Для того чтобы сильно выдвинуться, Рашели не хватало прямолинейности, жесткости, корыстолюбия и тщеславия. Но, занимая скромную должность, она была известна в губкомах партии и комсомола. Нужно учесть, что членов партии, особенно в нашем городе, было не так много, как теперь, после войны, и все они были на виду. К тому же Рашель любили именно за ее недостатки она не была карьеристкой, никому не становилась поперек дороги, умела в ту спартанскую пору со вкусом одеваться, ее женственность еще привлекала партийный актив.

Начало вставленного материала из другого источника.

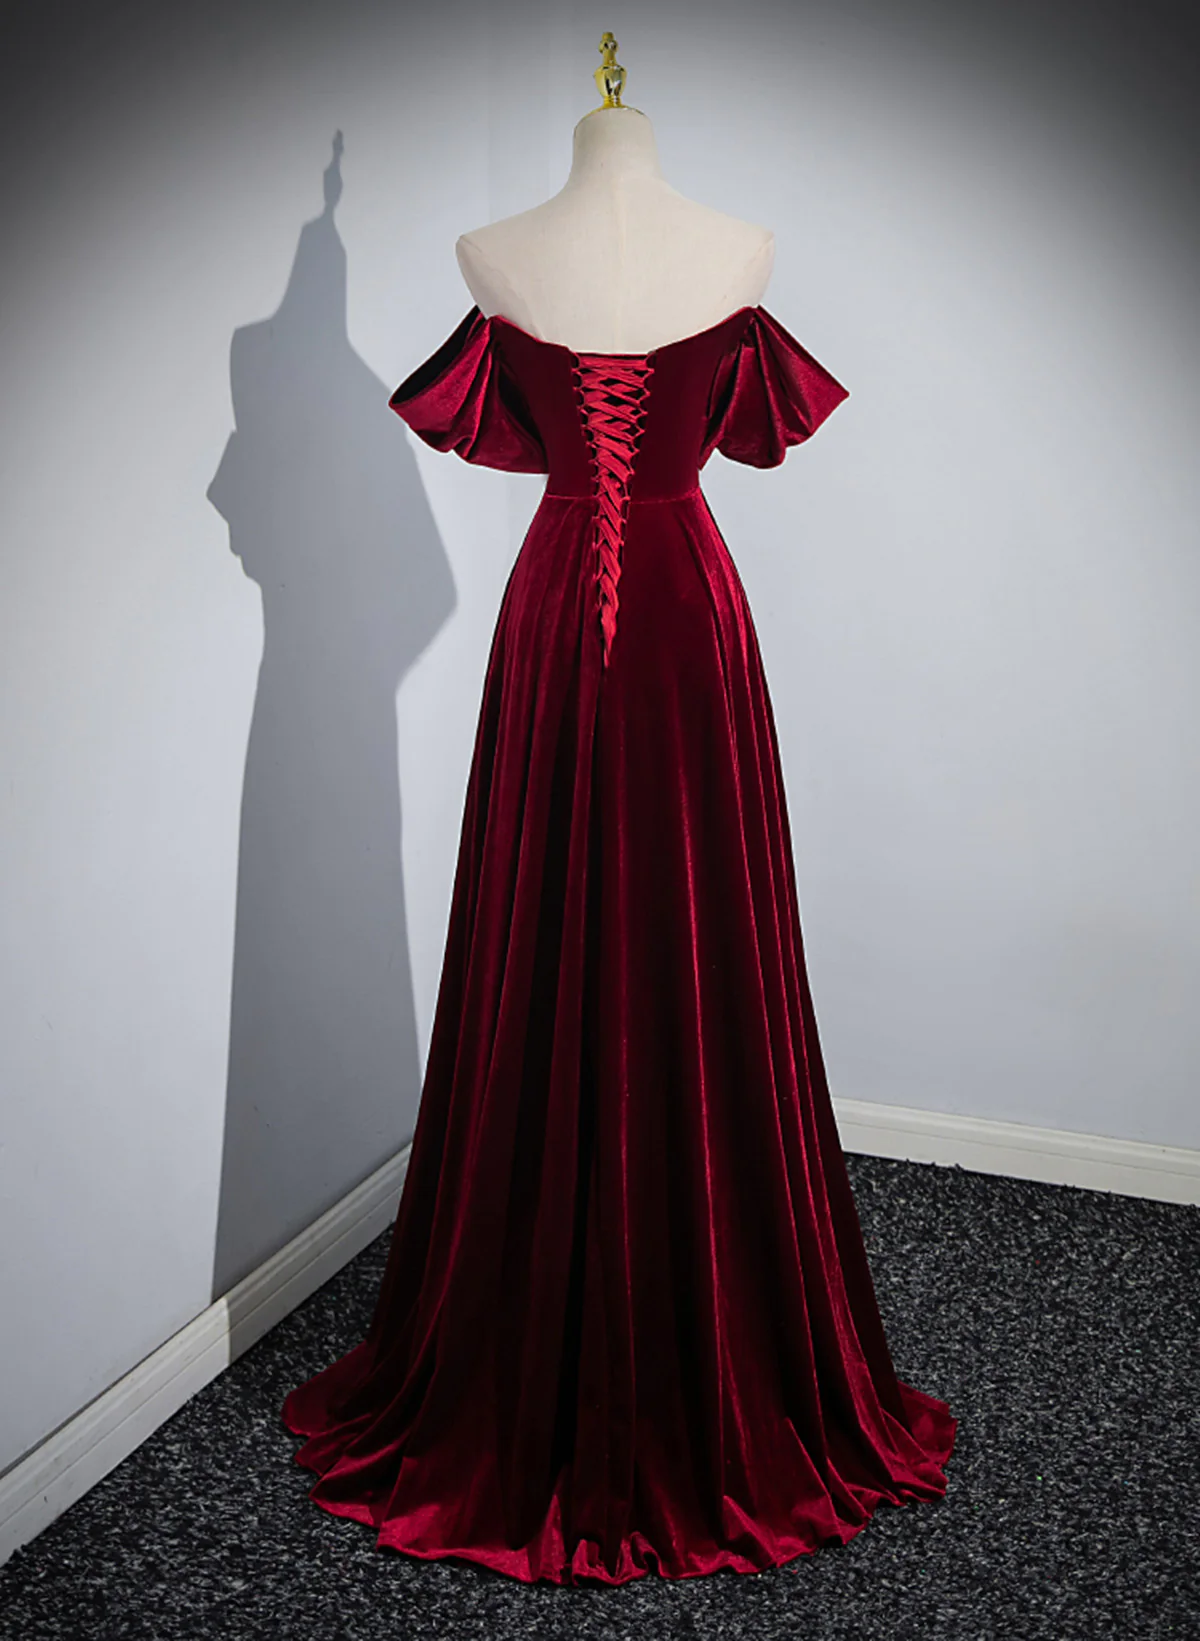 strapless Dark Red gathers Long Prom Dress A line Erevening Dress SP27

Цыбульский никогда не ходил на демонстрации трудящихся. Его ругали, он мрачно и сердито молчал. В праздничные дни он сидел дома, пил вишневую наливку, злился, был невыносим. Рашель, до своего вступления в партию, стояла в толпе зевак на зеленой кромке тротуара, с завистью смотрела на демонстрантов, направлявшихся по Покровской улице к зданию городской думы, где теперь помещался губком. Если случалась задержка, а случалась она часто, нынешнего жесткого порядка тогда еще не было, демонстранты танцевали на мостовой, пели "Кирпичики" или еще что-то про первого красного офицера.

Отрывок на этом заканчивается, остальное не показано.